Problem: In PySpark I am getting error AttributeError: ‘DataFrame’ object has no attribute ‘map’ when I use map() transformation on DataFrame.
df2=df.map(lambda x: [x[0],x[1]])
File "C:\ProgramData\Anaconda3\lib\site-packages\pyspark\sql\dataframe.py", line 1401, in __getattr__
"'%s' object has no attribute '%s'" % (self.__class__.__name__, name))
AttributeError: 'DataFrame' object has no attribute 'map'
Solution of AttributeError: ‘DataFrame’ object has no attribute ‘map’ in PySpark
PySpark DataFrame doesn’t have a map() transformation instead it’s present in RDD hence you are getting the error AttributeError: ‘DataFrame’ object has no attribute ‘map’
So first, Convert PySpark DataFrame to RDD using df.rdd
, apply the map() transformation which returns an RDD and Convert RDD to DataFrame back, let’s see with an example.
data = [('James',3000),('Anna',4001),('Robert',6200)]
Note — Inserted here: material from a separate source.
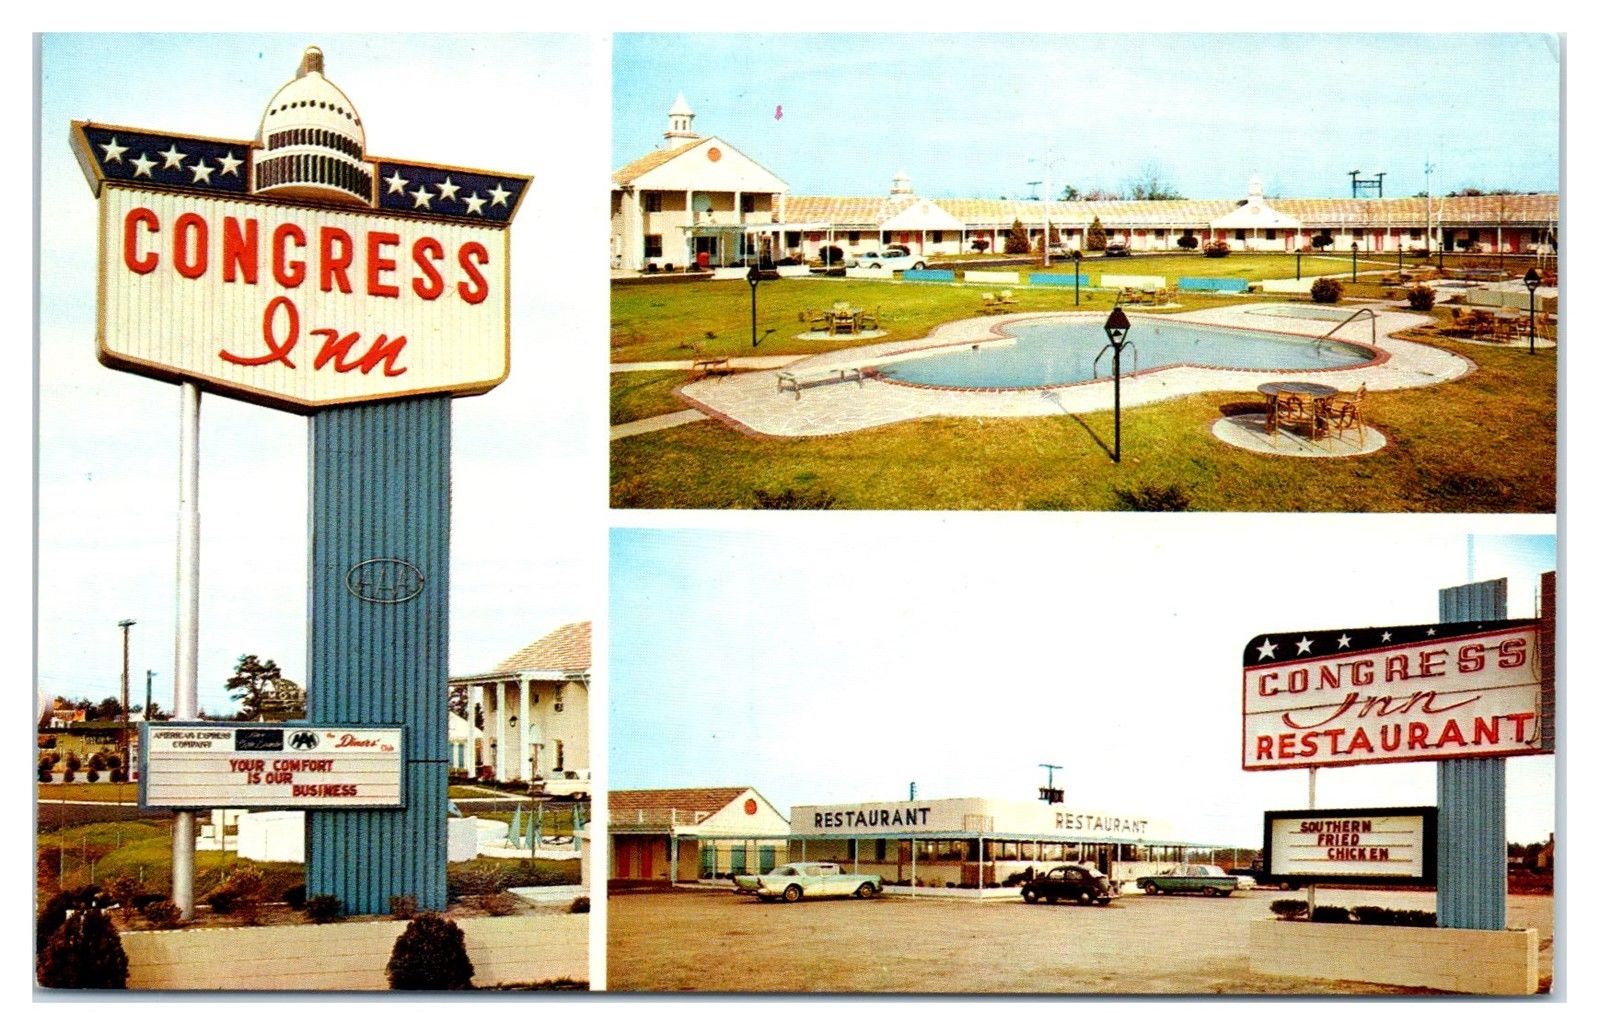 Congress inn motel
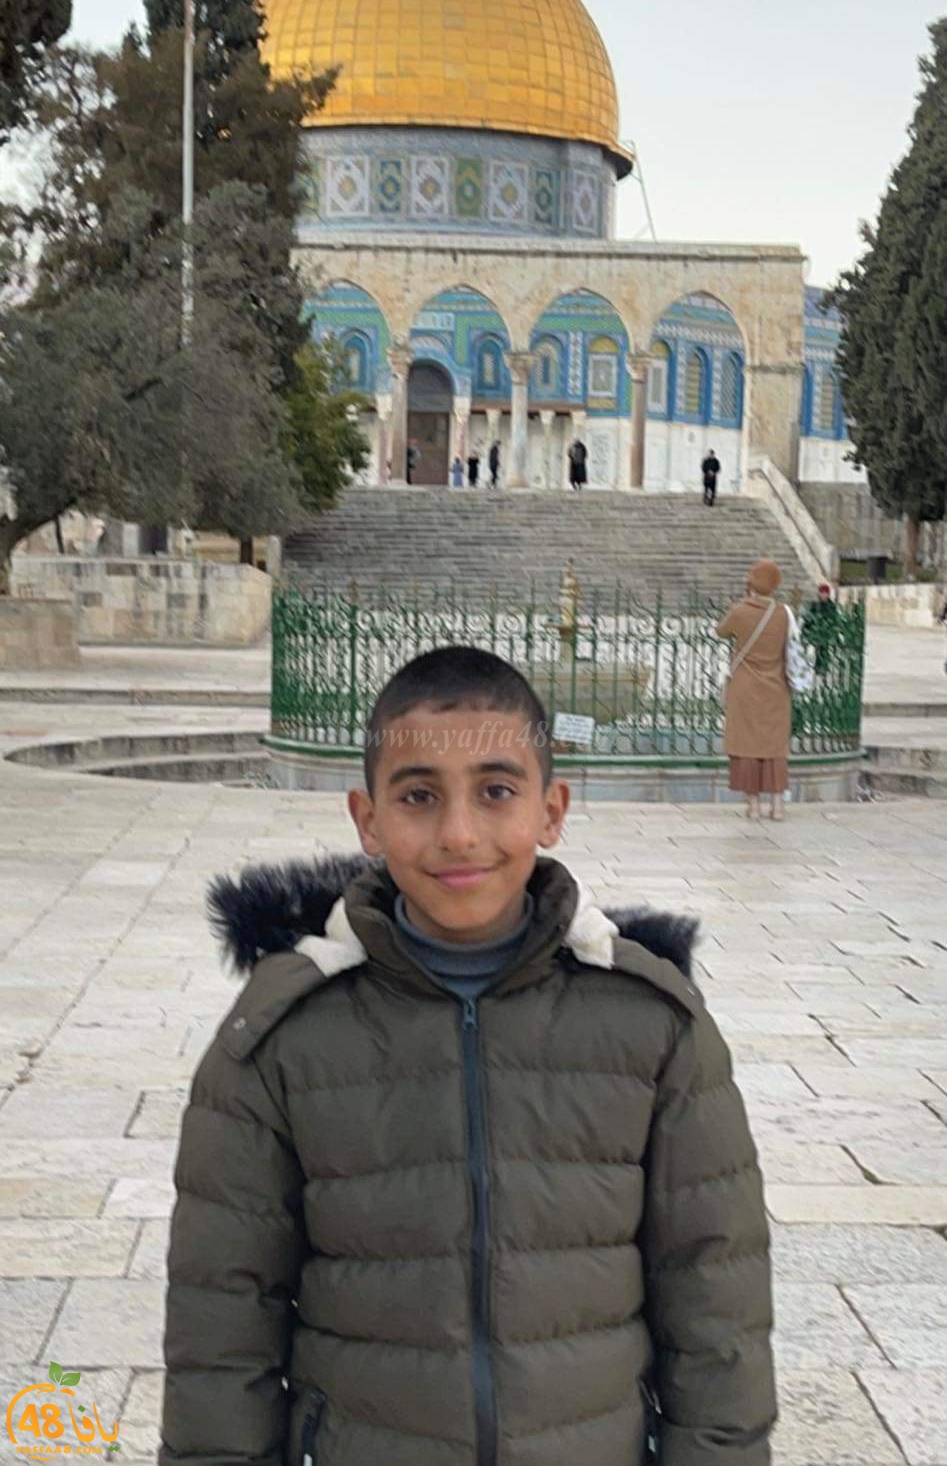 الاعلان عن وفاة الطفل محمد العنيد من سلواد بعد غرقه في بحر يافا

df = spark.createDataFrame(data,["name","salary"])
df.show()
#converts DataFrame to rdd
rdd=df.rdd
print(rdd.collect())
# apply map() transformation)
rdd2=df.rdd.map(lambda x: [x[0],x[1]*20/100])
print(rdd2.collect())
#conver RDD to DataFrame
df2=rdd2.toDF(["name","bonus"])
df2.show()
Hope this helps. Happy Learning !!